Publication: African Studies Quarterly
Publication Date: 22-MAR-03
Format: Online - approximately 4065 words
Delivery: Immediate Online Access
Full Article Title: Ethnicity and Burundi''s Refugees.(Book Review)

Article Excerpt
LeMarchand, Rene (1995). Burundi: Ethnic Conflict and Genocide. Wilson/Cambridge University Press.

Malkki, Liisa (1995). Purity and Exile: Violence, Memory, and National Cosmology anmong Hutu Refugees in Tanzania. Chicago: University of Chicago Press.

Sommers, Marc (2001). Fear in Bongoland: Burundi Refugees in Urban Tanzania. New York: Berghahn Books.

Clandestine Identities from Burundi

These three books are about people who share a description of themselves as "Burundians," or "Hutu," or "Tutsi," or any number of other identities from Burundi. But as each book makes clear, the ethnic designation an individual uses is only part of the story because what is also significant is who you consider "not Burundian," or "not Hutu" or "not Tutsi." Depending on the group of "Burundians" the question is asked of, you get different answers, often in the form of what Liisa Malkki calls "mythico-histories" about who are "we," and who are "they." In other words, there is a broad range of response to this question depending on where, of whom, and when the question is asked, despite the fact that each question is likely to be rooted in mythologized claims asserting a "pure" Burundian identity. For example, inside Burundi as described by Lemarchand, the social world has been divided (at different times and contexts) into Hutu, Tutsi, Twa and Ganwa, Rwandan and Burundian, Highlander and Lowlander, and northerner and southerner. Among the Burundian communities in Tanzania, divisions have emerged between Hutu and Ha, Burundian and Tanzaman, and a number of other permutations. For example, in the remote Tanzanian refugee camp where Malkki studied, the answer is that there are Tanzanians, Hutu, and a "remembered" Tutsi, while in Kigoma town nearer Burundi, the "we" is vaguely "Burundian," and the "they" is remarkably unclear. Finally, Marc Sommers, writing of clandestine Burundian communities in Dar Es Salaam, writes of divisions a putative origin in the Burundian highlands and lowlands.

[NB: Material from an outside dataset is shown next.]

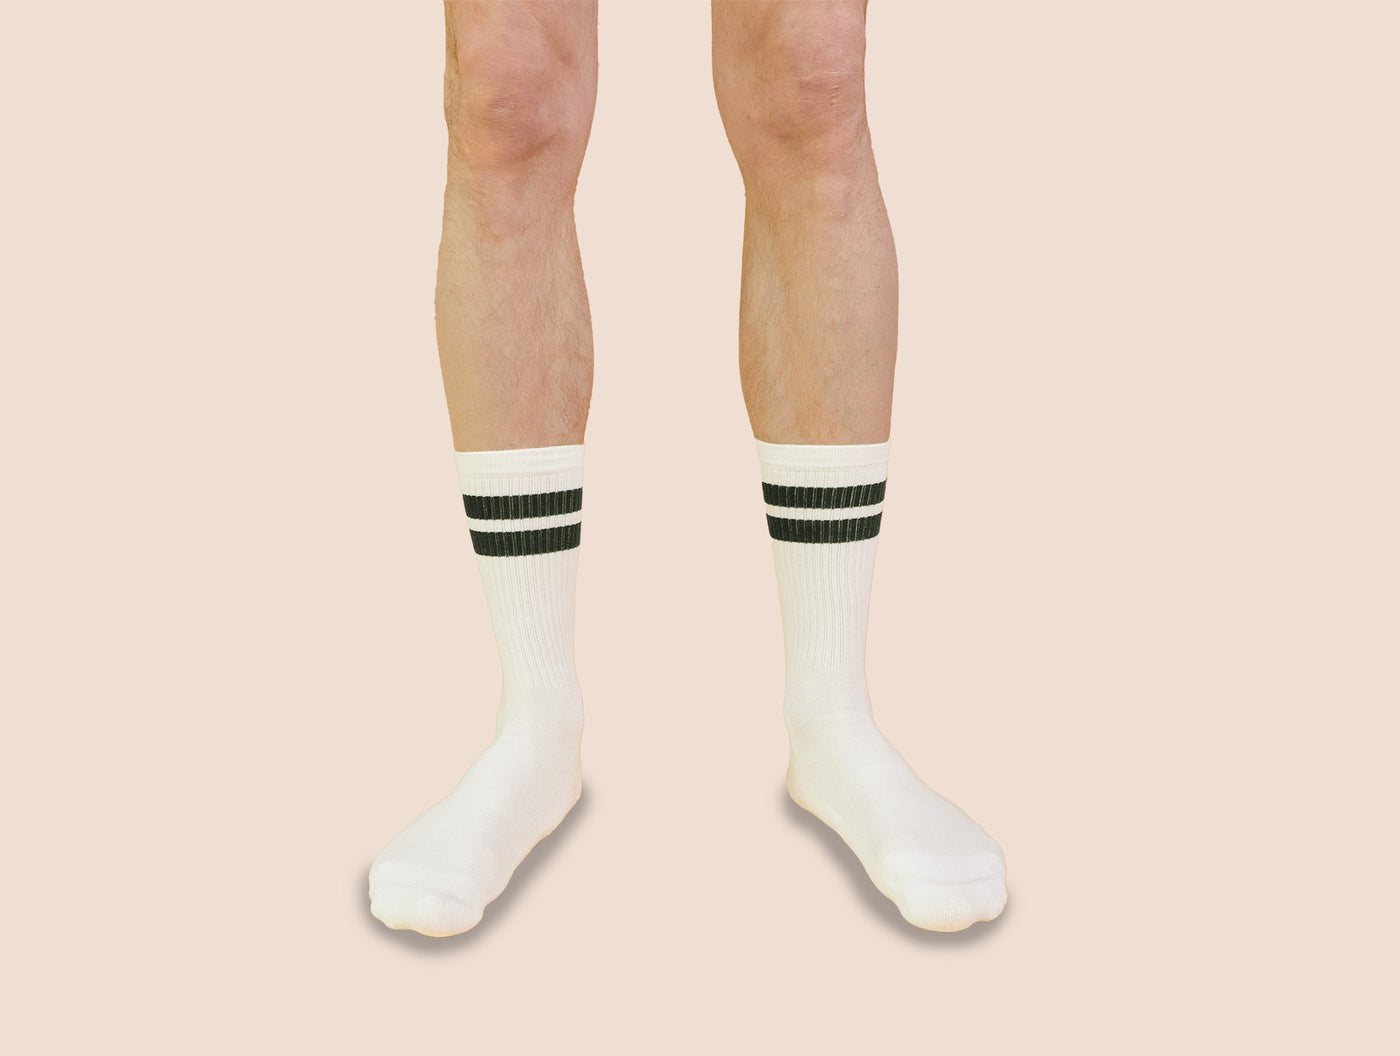 Petrone-chaussettes-tennis-coton-bio-rayures-hautes-homme-écru-vert kaki-portées#Couleur_écru-vert kaki

An important element in all three books is that often there is an explicitly hidden or clandestine story, which Burundians relate to each other and interested outsiders. In three of the locations, (i.e., Dar Es Salaam, Mishamo refugee settlement in Tanzania, and in Burundi itself), the story is in fact "explicitly clandestine," in the sense that the oral accounts they give of themselves are different form the written public history. Indeed the pattern of the three mythico-histories, presented by LeMarchand, Malkki, and Sommers is consistent. The Hutu protagonists have stories emphasizing how they lead their lives in the context of Tutsi (or Ha, or Tanzanian) dominance. Only one group, described by Malkki, the Burundian refugees in Kigoma town, did not have such a story, and in fact identified with the Tanzanians. This paradox--clandestine identities everywhere except Kigoma--is important and a focus of what follows.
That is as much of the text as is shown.